Held, (1) that the examination of the constitutionality of a Jaw or the construction and application of an international convention cannot be made in abstracto but in relation to the facts of the particular case before the Court.; that in the present case the act in respect of which the appellant was found guilty was not committed in private but within the sight of another person who was legitimately using the same tent; that, moreover, the appellant was at the time 19 years of age and both himself and his partner in this illicit affair were soldiers, which position constitutes also one of the exceptions under the Sexual Offences Act, 1967 of England; that, therefore, the constitutional and legal issues raised by this appeal should fail on the ground that they are outside the ambit of the construction given in the Dudgeon case by the European Court of Human Rights to Article 8 of the Convention even assuming that this Court were to accept the majority view, which it does not for the reasons appearing in para. 2 below.
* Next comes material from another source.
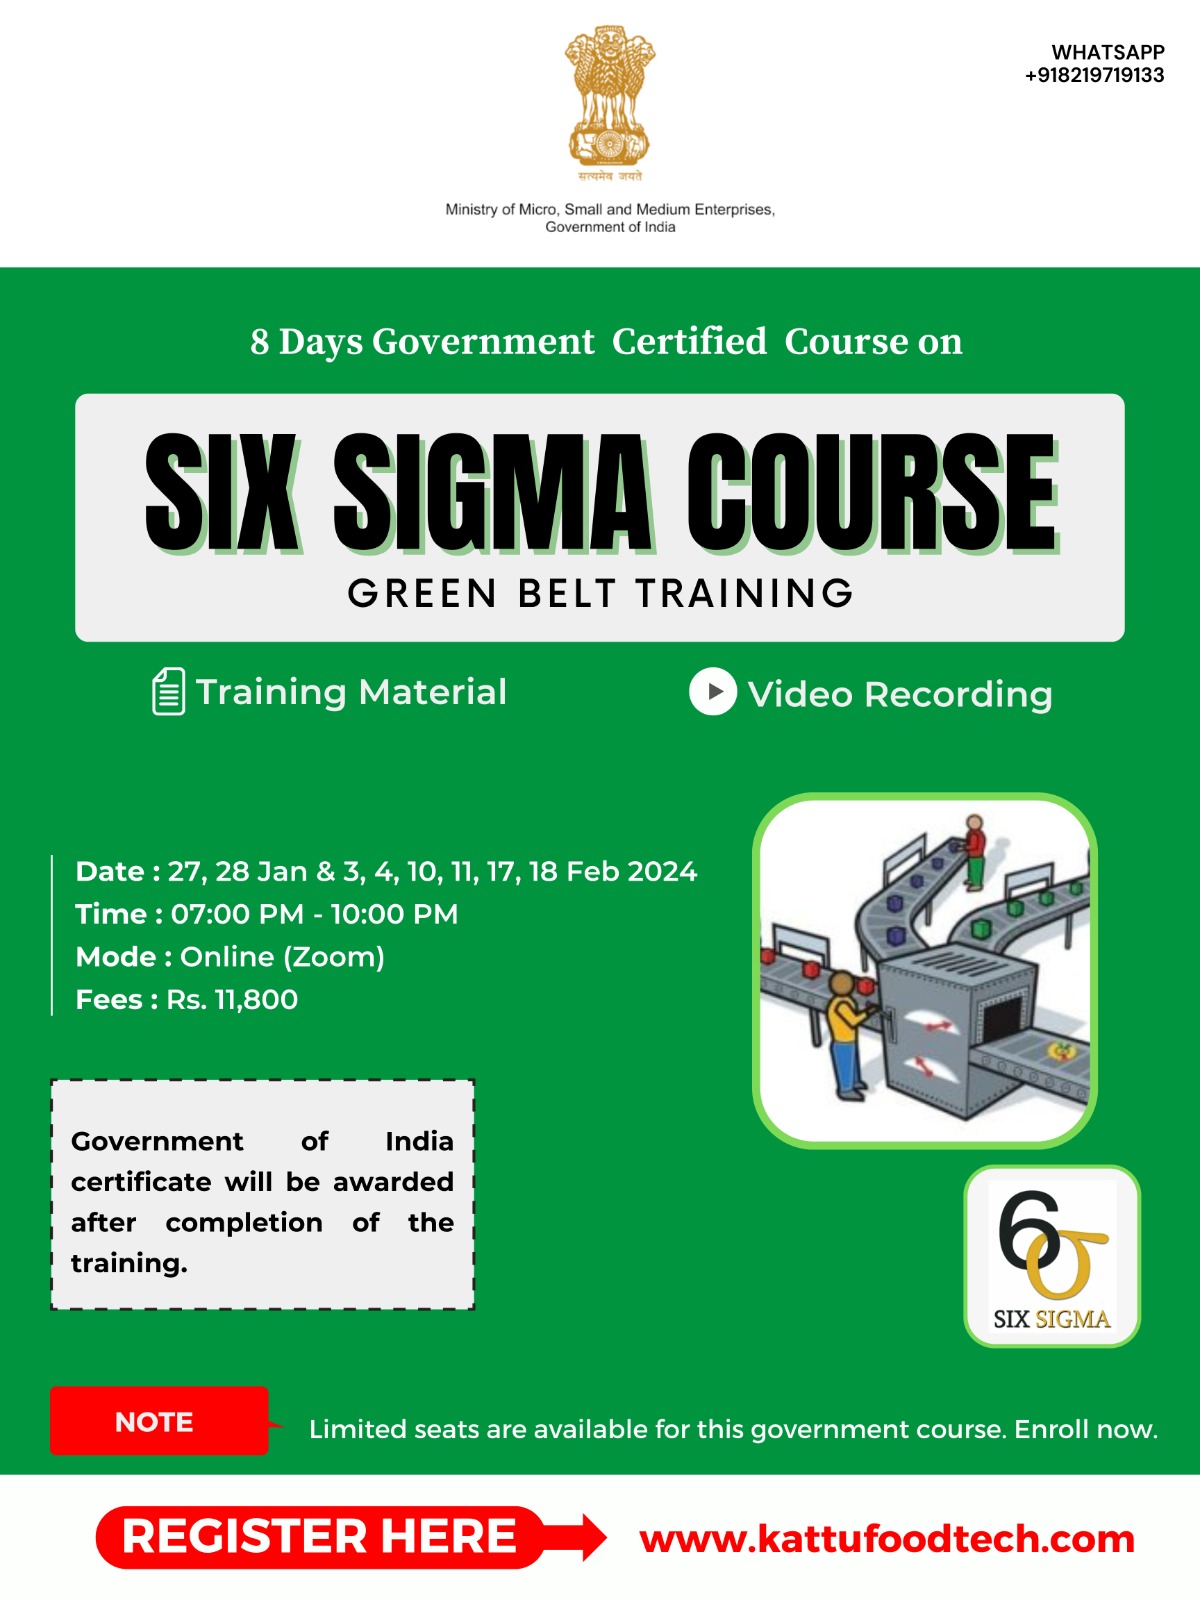 Six Sigma Green Belt Training by MSME, Govt of India | KATTUFOODTECH

(2) That in ascertaining the nature and scope of morals and the degree of the necessity commensurate to their protection, the jurisprudence of the European Court and the European Commission of Human Rights has already held that the conception of morals changes from time to time and from place to place, and that there is no uniform European conception of morals; that, furthermore, ii has been held that State Authorities of each Country are in a better position than an international Judge, to give an opinion as to the prevailing standards of [*123] morals in their Country; that, in view of these principles this Court has decided not to follow the majority view in the Dudgeon case, but to adopt the dissenting opinion of Judge Zekia, because it is convinced that it is entitled to apply the Convention and interpret the corresponding provisions of the Constitution in the light of its assessment of the present social and moral standards in this Country; that, therefore, in the light of the aforesaid principle and viewing the Cypriot realities this Court is not prepared to come to the conclusion that section 17 1(b) of our Criminal Code, as it stands, violates either the Convention or the Constitution, and that it is unnecessary for the protection of morals in our country; accordingly the appeal against conviction should fail.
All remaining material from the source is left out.